Low-Rank Adaptation of LLaMA 3 for Nepali and Hindi
Read one of my previous post on Low-Rank Adaptation of LLaMA 2 for Nepali and Hindi where we discuss different Parameter Efficient Fine-Tuning (PEFT) techniques and share results from fine-tuning LLaMA 3 for Nepali and Hindi, two South Asian languages, one of which is a high-resource language and another which is a low-resource language.

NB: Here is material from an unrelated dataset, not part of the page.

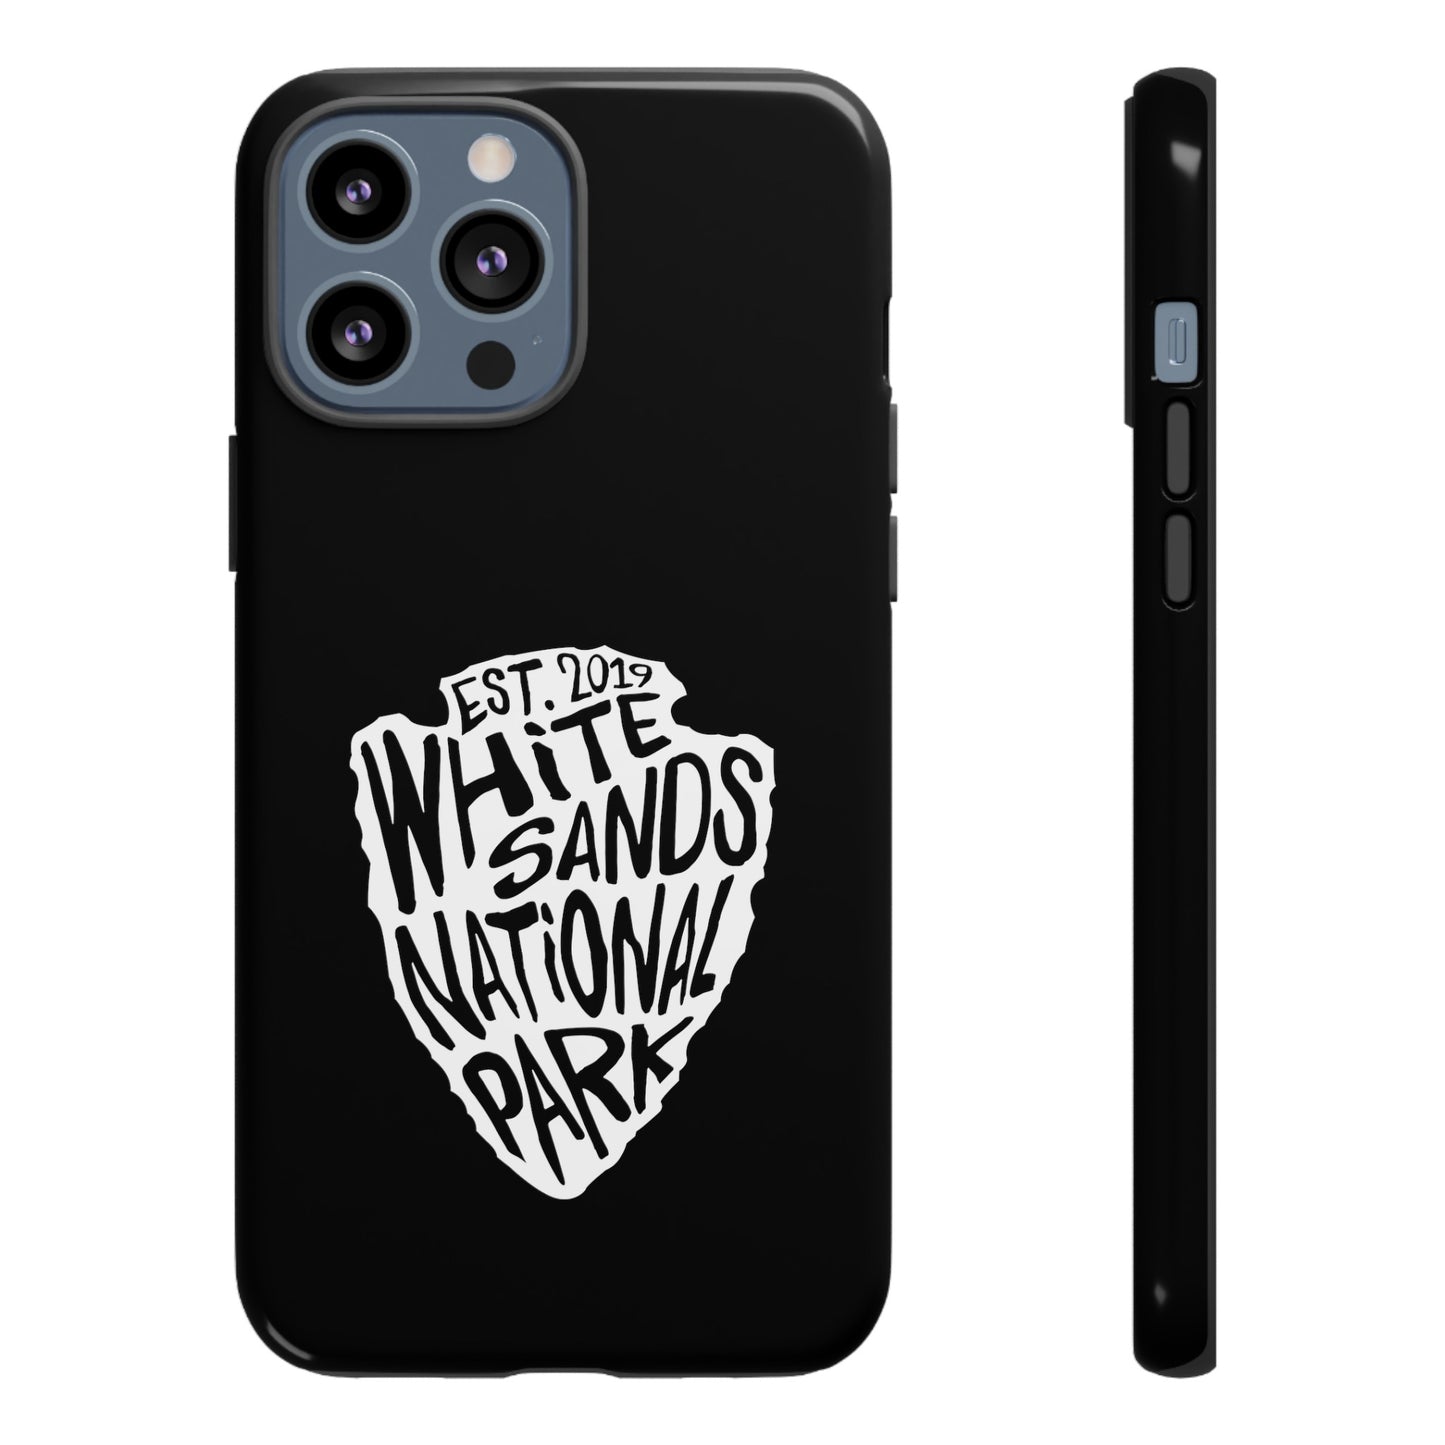 White Sands National Park Phone Case - Arrowhead Design

In addition to improving the model itself for low-resource language, LLMs are also being used to enrich various other parts of the NLP pipeline. Existing research has shown LLMs are few and zero (Wu and Dredze et al., 2019, Brown et al., 2020, Lin et al., 2022) shot learners. This ability seems to provide oppotunity to brigde the data gap by using LLMs to generate synthetic data (Schick et al., 2021, Meng et al., 2022) in low-resource languages. Recently, LLMs are being used as a judge to evaluate model output (Zheng et al., 2023), a similar set up can be used in low-resource settings to speed up both data creation and model evaluation.
Conclusion
Clearly the digital divide between the high and low resource languages is vast and this divide has led to lack of robust and high perfoming NLP systems and LLMs for low-resource lanuguages. A large number of languages around the globe continue to be under-represented in the web and in LLMs. Most LLMs that we have today are optimized for a selective set of high-resources languages and perform poorly on low-resource languages. Recent studies have found several strategies to enrich the LLMs and support the NLP R&D for low-resource language by multilingual pretraining of LLMs; and in fact, leveraging LLMs and their multilingual, cross-lingual, and zero/few shot abilities. However, synthetic data generated from LLMs is not enough and we need to foster local efforts in data sourcing at scale.
What Next in This Series?
There is limited research dedicated to low-resource NLP and LLMs. There is still a lack of clarity on how much we can achieve with just LLMs. Although synthetic data could help with the research for low-resource NLP and LLMs, it will not capture nuances specific to different languages well. This means that for many use-cases where these nuances matter, NLP systems and LLMs will hit the preformance ceiling soon, and the accuracy of the models will not be good enough for real-world use.
In the new chapters, we will work with examples to apply LLMs at different stages of the NLP pipeline, and understand what problems we can solve in the process. We will mostly likely rely on transfer learning and PEFT methods to develop tools and resources for Nepali - a low resource language.